I was happy that years ago the library bundled its newsletter with that of the village. In the most recent village newsletter, I see that D97 and D200 now include their news notes with those of the village and library. I suggest the park district and township also ask to come aboard.

The news, however, that with Jan Arnold at the helm, the park district and D97 now find the parking lot office space viable for what we should call our “civic center” is a major advance in efficiency and tax relief. Both the park district and D97 are heavily vested in children’s programs. A brief perusal of their programs, however, indicate duplication of efforts. Now, with offices literally down the hall, such inefficiencies will be reduced.

The problem they confront is parking. I have always proposed that the offices be built on stilts over the parking lot. This allows retention of the parking lot and removes the need for snow shoveling and repaving, saving additional, although modest, taxpayer money. A pedway between the current village hall and the new structure would facilitate communication between all three units of government.
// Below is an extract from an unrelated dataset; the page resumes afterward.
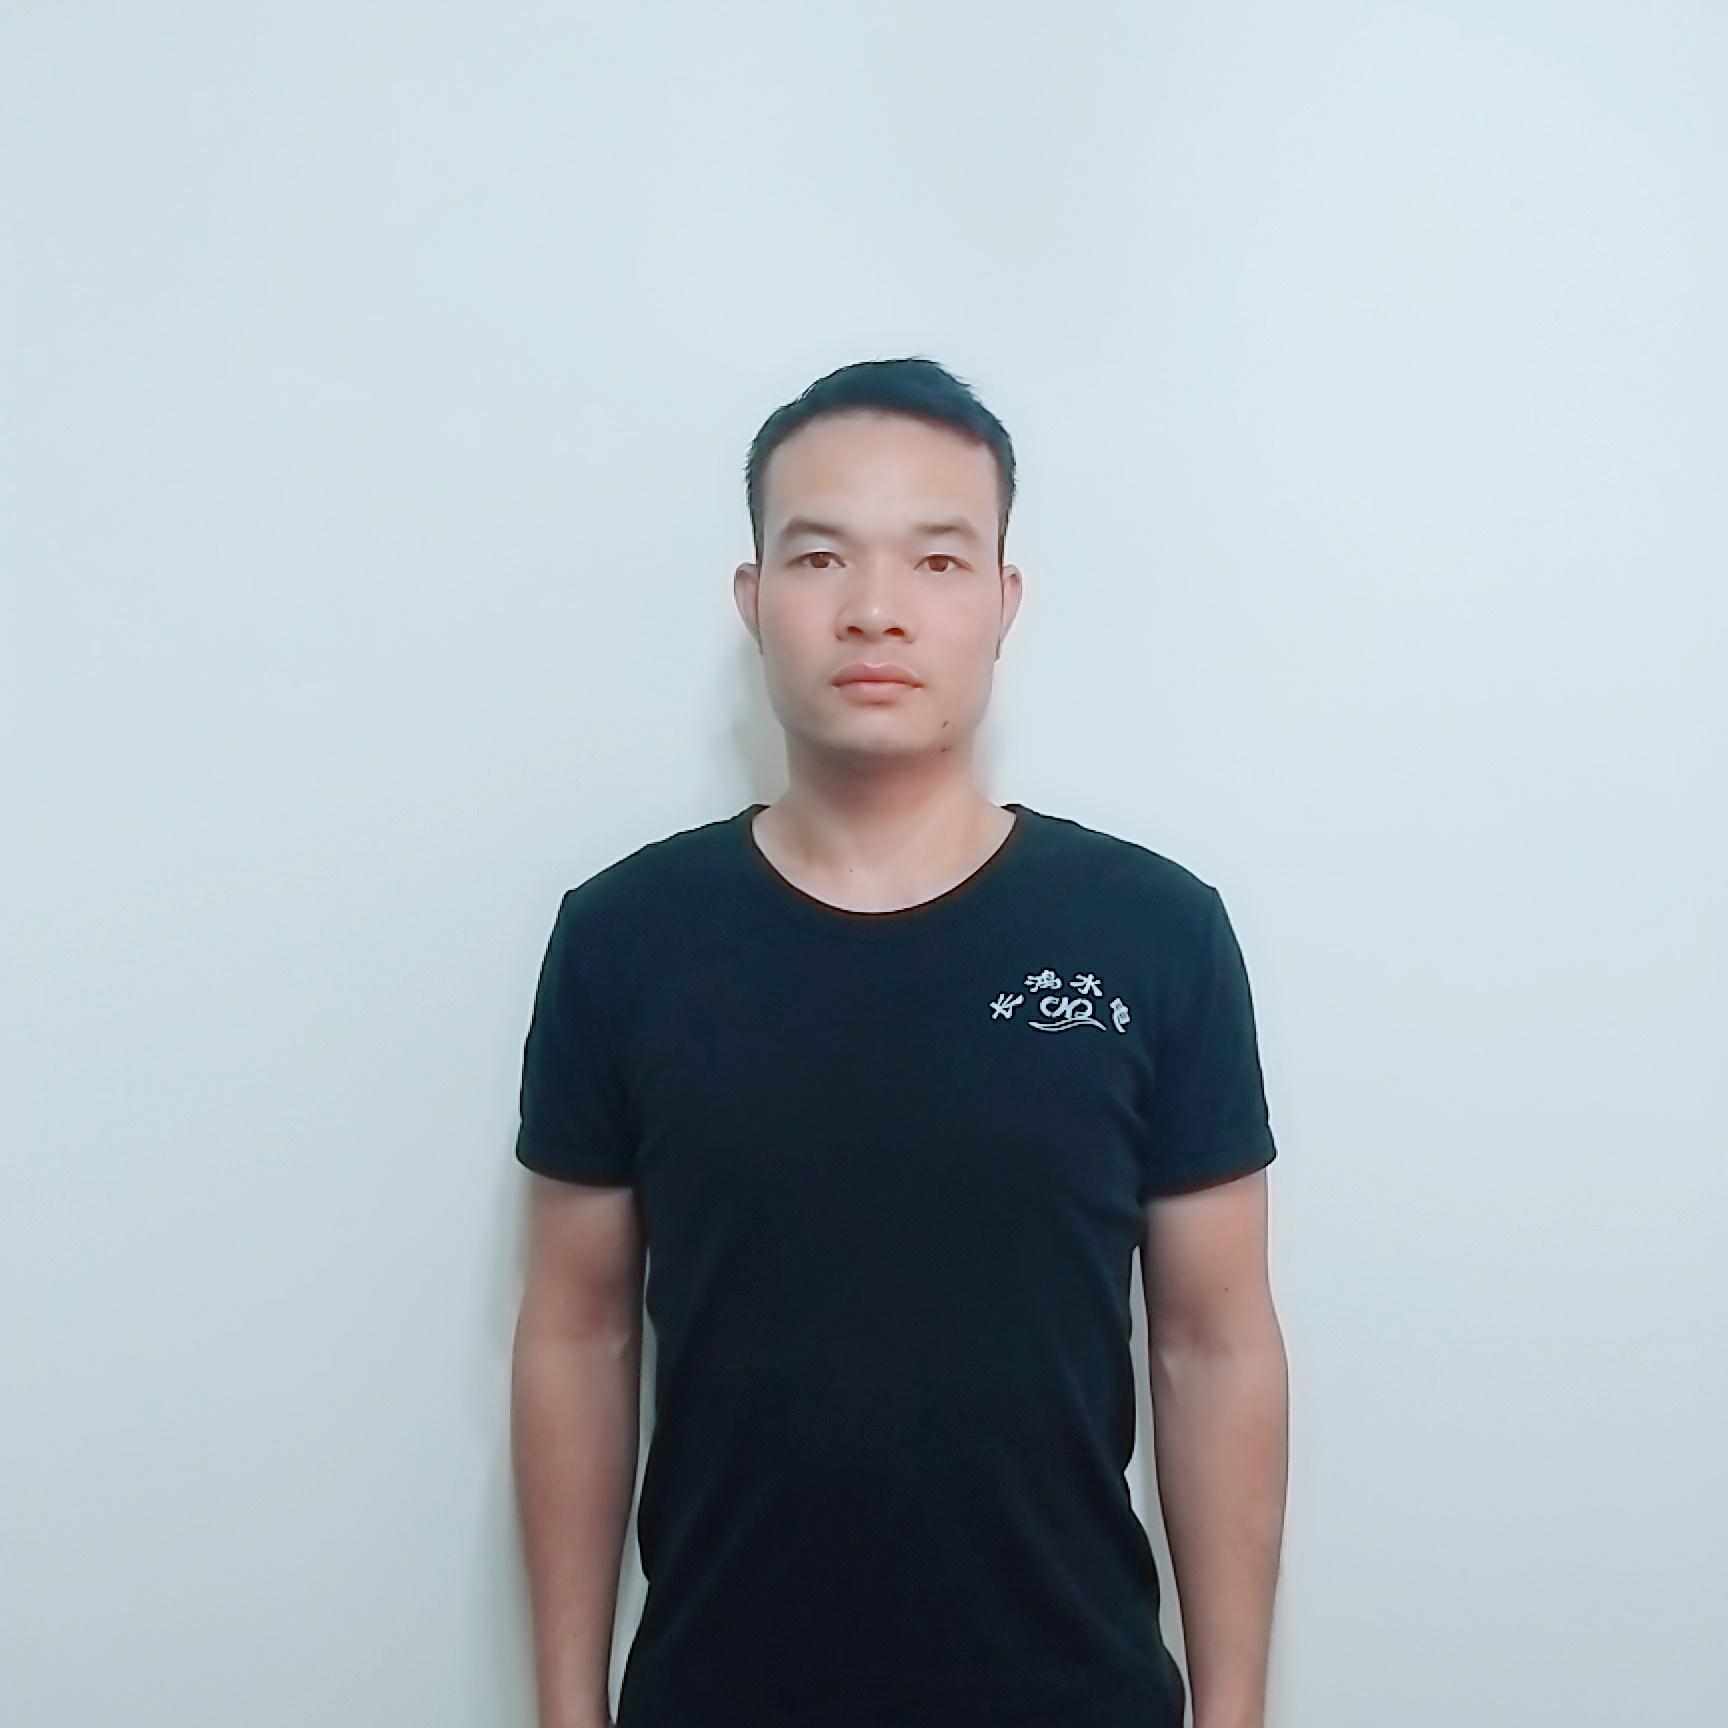 贵港建材人物专访丨长鸿水电杨铭源

It is now up to Oak Park Township head David Boulanger to contact D97 and the park district and, to reverse the ever-expanding non-tax-generating blueprint of the township on our central business district, ask to be a partner in the new civic center. They, too, have a sizable offering of youth programs. They, too, should be housed with D97 and the park district. The library should also move their offices to the civic center.
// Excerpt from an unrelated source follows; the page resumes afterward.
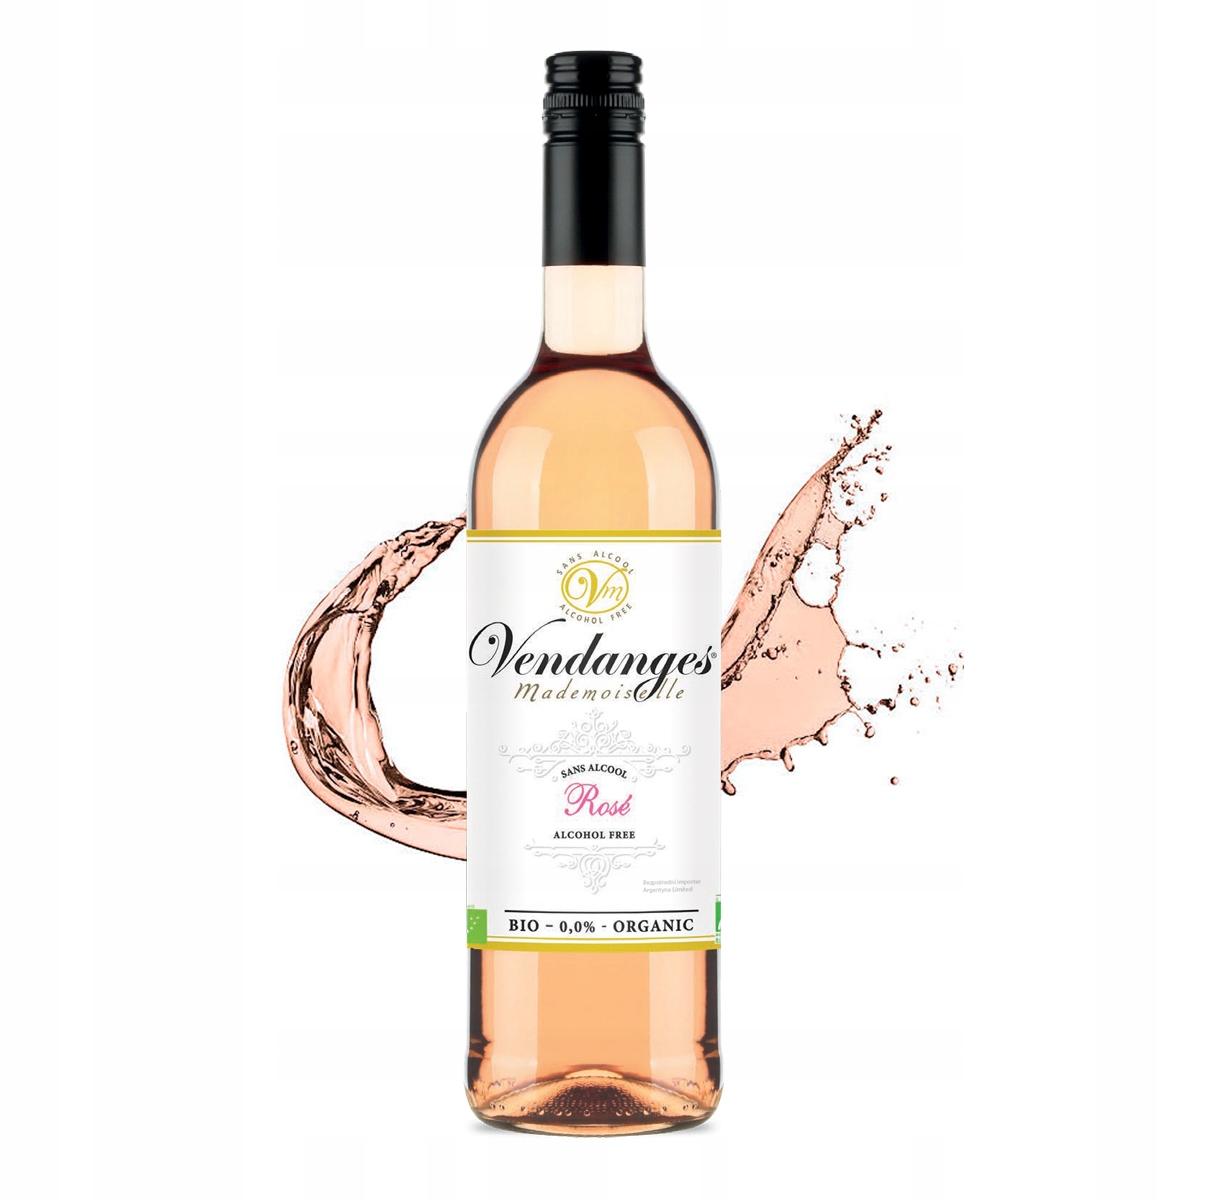 Вино безалкогольное Vendanges Rose BIO выросло на 0,0%

As cooperation evolves, the nonsensical, inefficient, and wasteful existence of separate library, park district, and township governments will become obvious and these units of government could be absorbed, their programs intact, by the village.

Then, D97 and D200 should begin consolidation discussions, following the efforts of myself and Sharon Patchak-Layman a decade or so ago. (State law allows such consolidation even though D200 includes residents of River Forest.)

After that, with a glorious civic center at the east end of the village, the village can take up our formal proposal, presented since 1984 and in its fourth incarnation in 2009, for a fine and performing arts/cultural and conference center in the context of a restaurant/retail park at South Blvd and Harlem. This would become the focus point for our cultural life, at the west end of the village.